* **Your objective**: Retype exactly the lines from the one that contains "ست تیشرت شلوار" through the end of the listing, both included, but not the pictures.

-- Provided material follows --

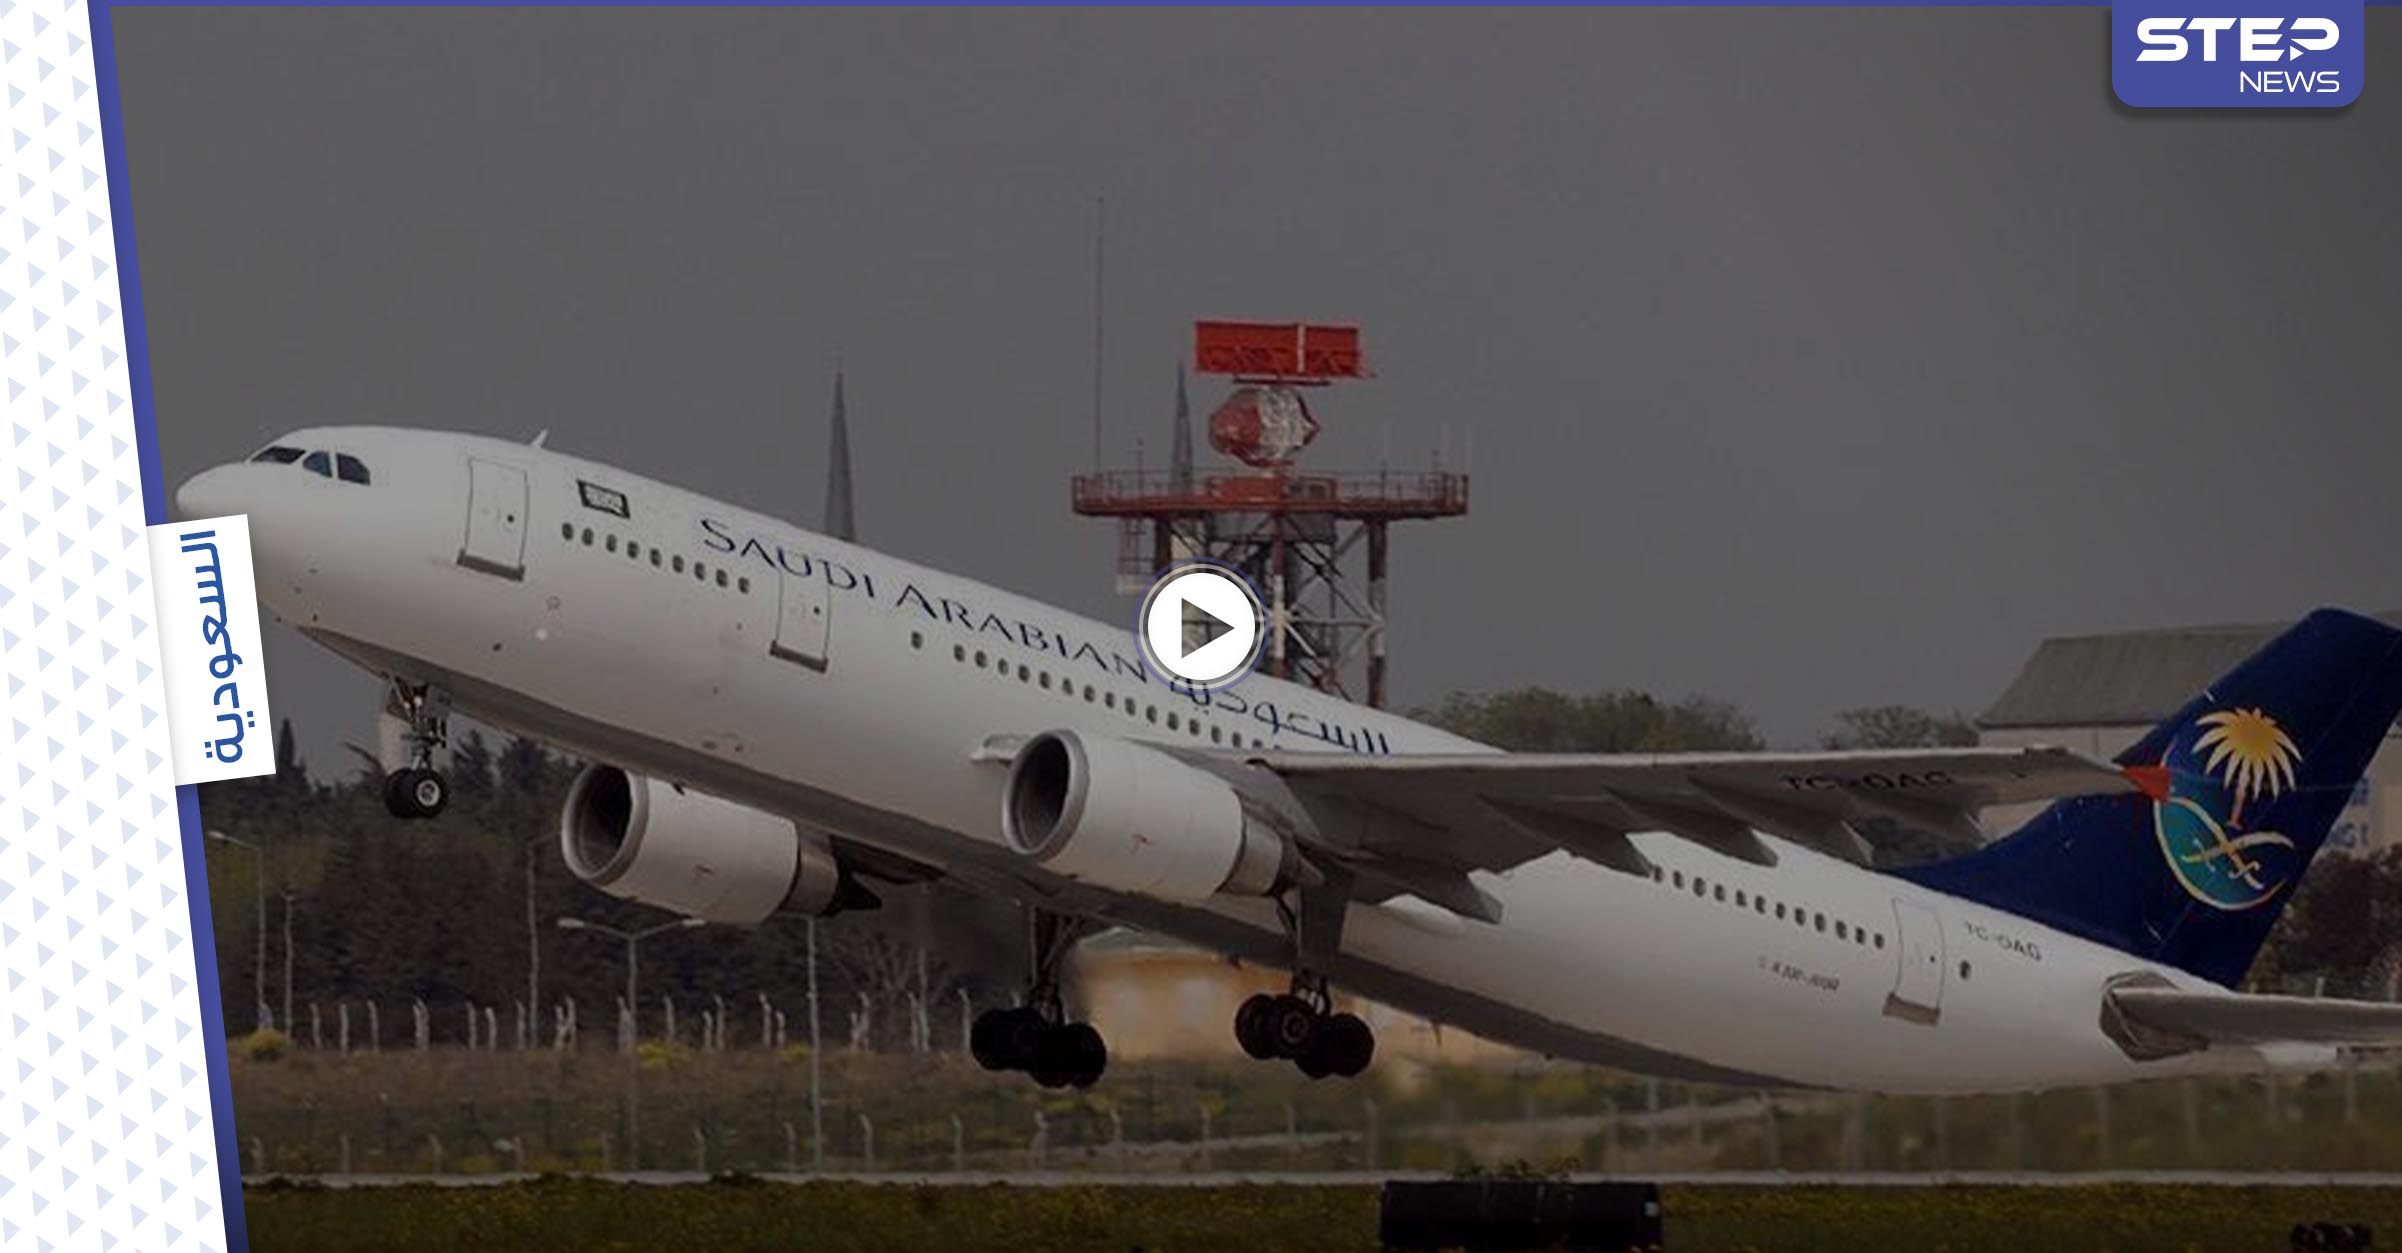 طائرة سعودية تغير مسارها بشكل مفاجئ وتعود للمطار بعد إقلاعها بسبب سيدة (فيديو)
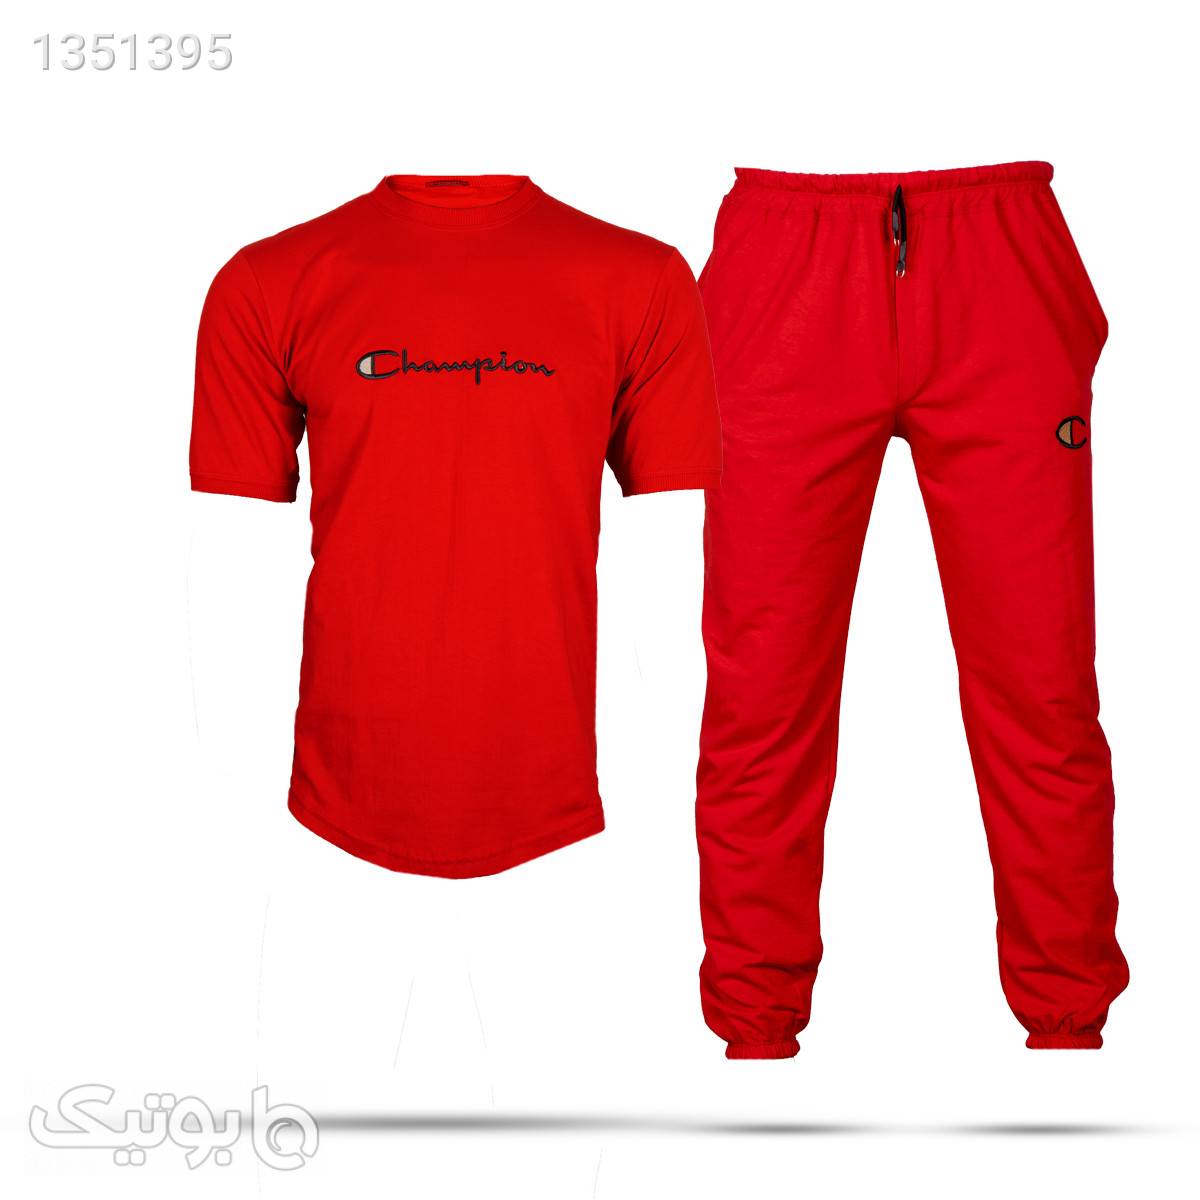 ست تیشرت شلوار مردانه مدل HB42 قرمز لباس راحتی مردانه
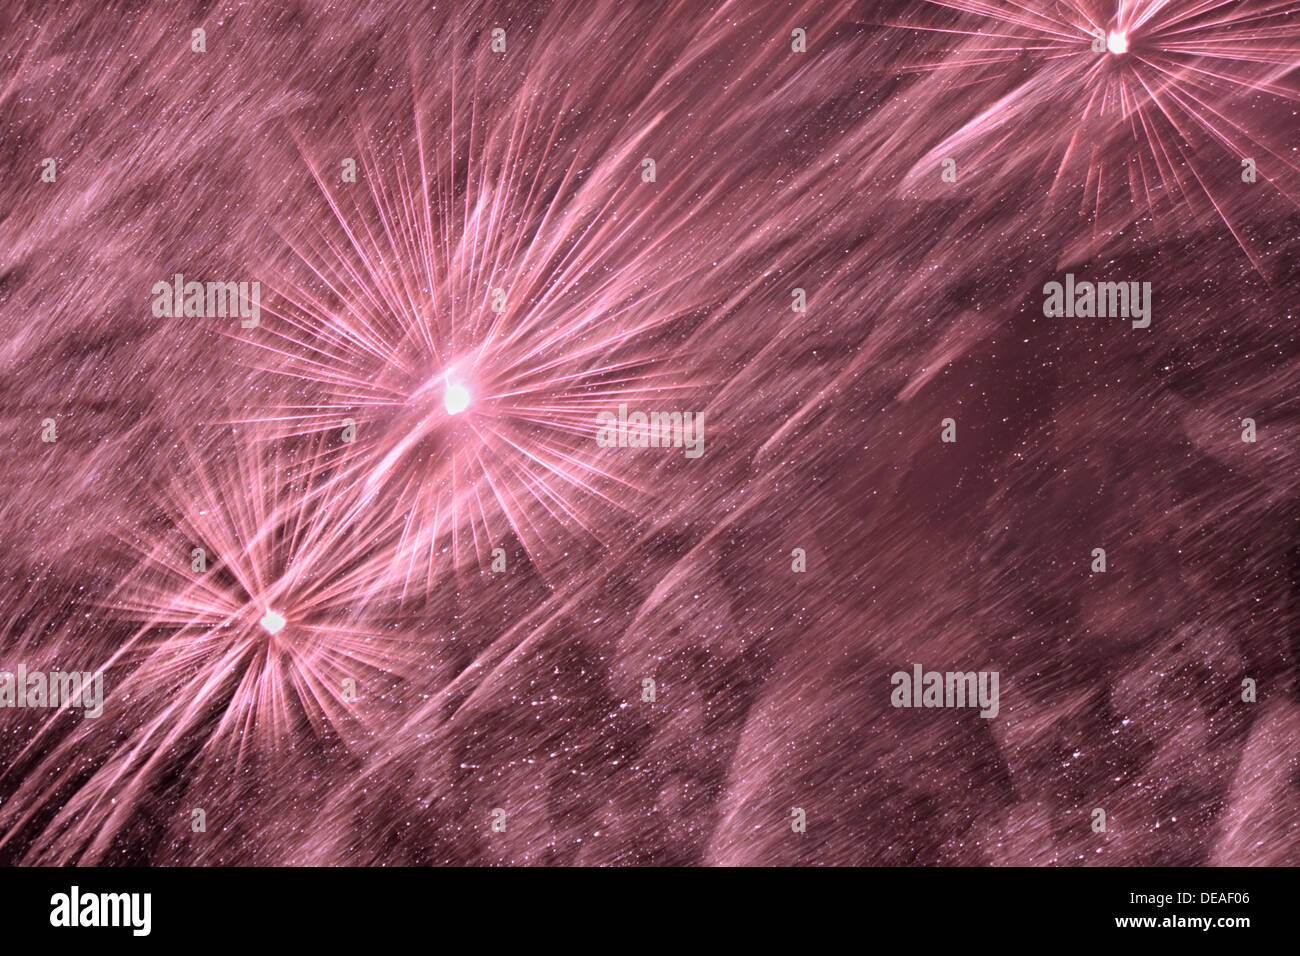 violet fireworks in night sky Stock Photo
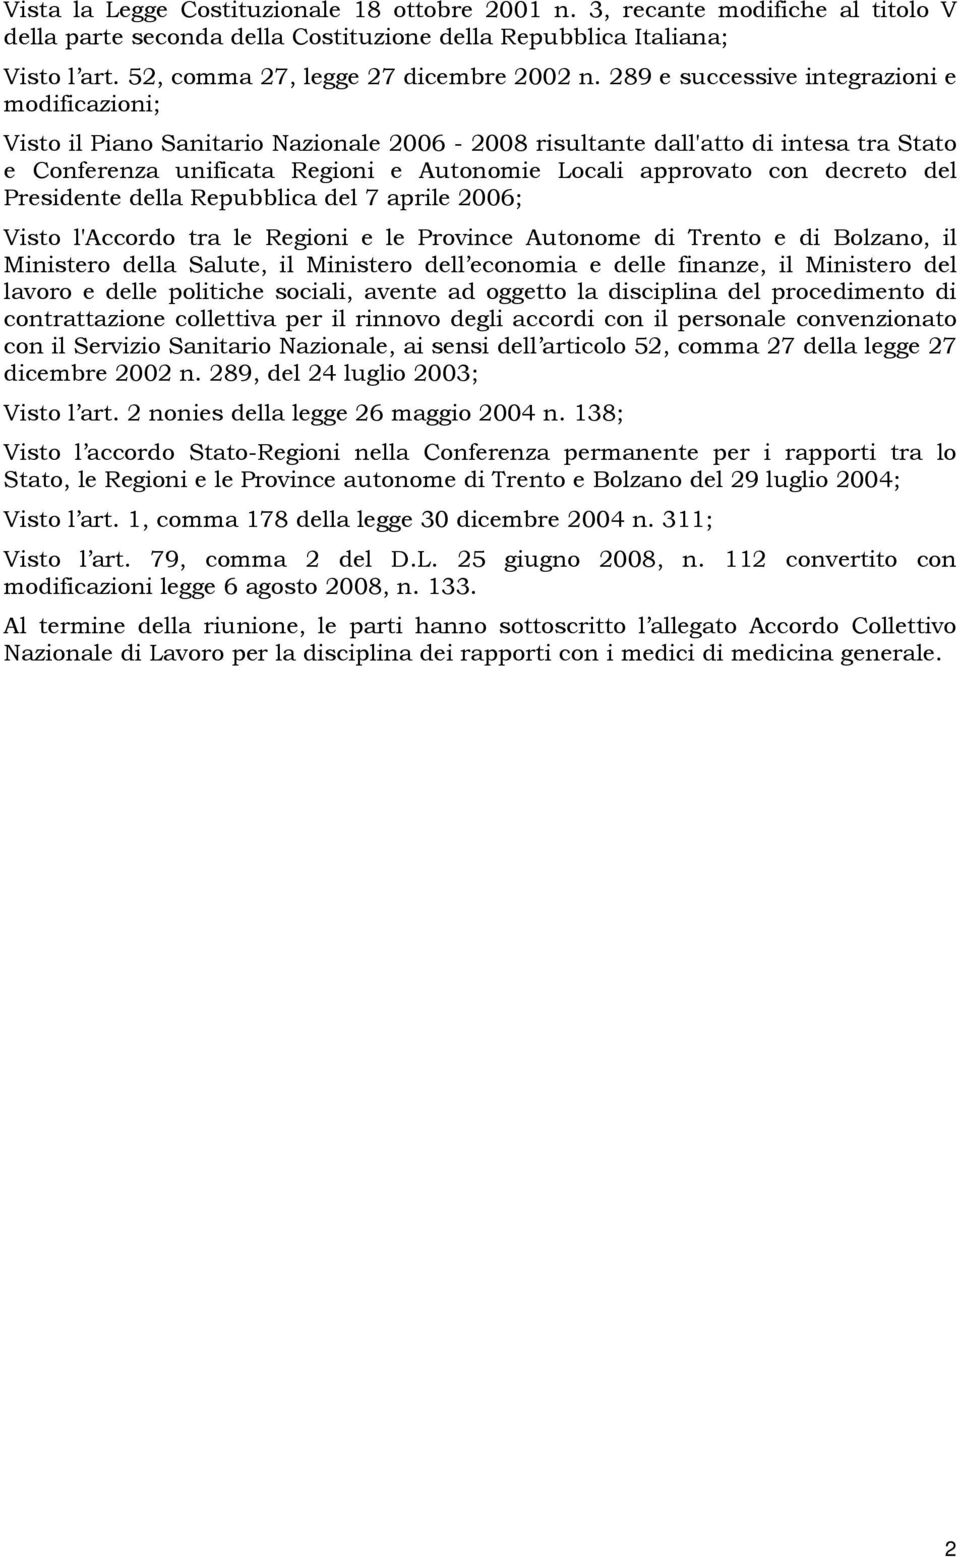 decreto del Presidente della Repubblica del 7 aprile 2006; Visto l'accordo tra le Regioni e le Province Autonome di Trento e di Bolzano, il Ministero della Salute, il Ministero dell economia e delle

-- Provided material concluded --

* **Output for this exercise**:
 ست تیشرت شلوار مردانه مدل HB42 قرمز لباس راحتی مردانه
 violet fireworks in night sky Stock Photo
 decreto del Presidente della Repubblica del 7 aprile 2006; Visto l'accordo tra le Regioni e le Province Autonome di Trento e di Bolzano, il Ministero della Salute, il Ministero dell economia e delle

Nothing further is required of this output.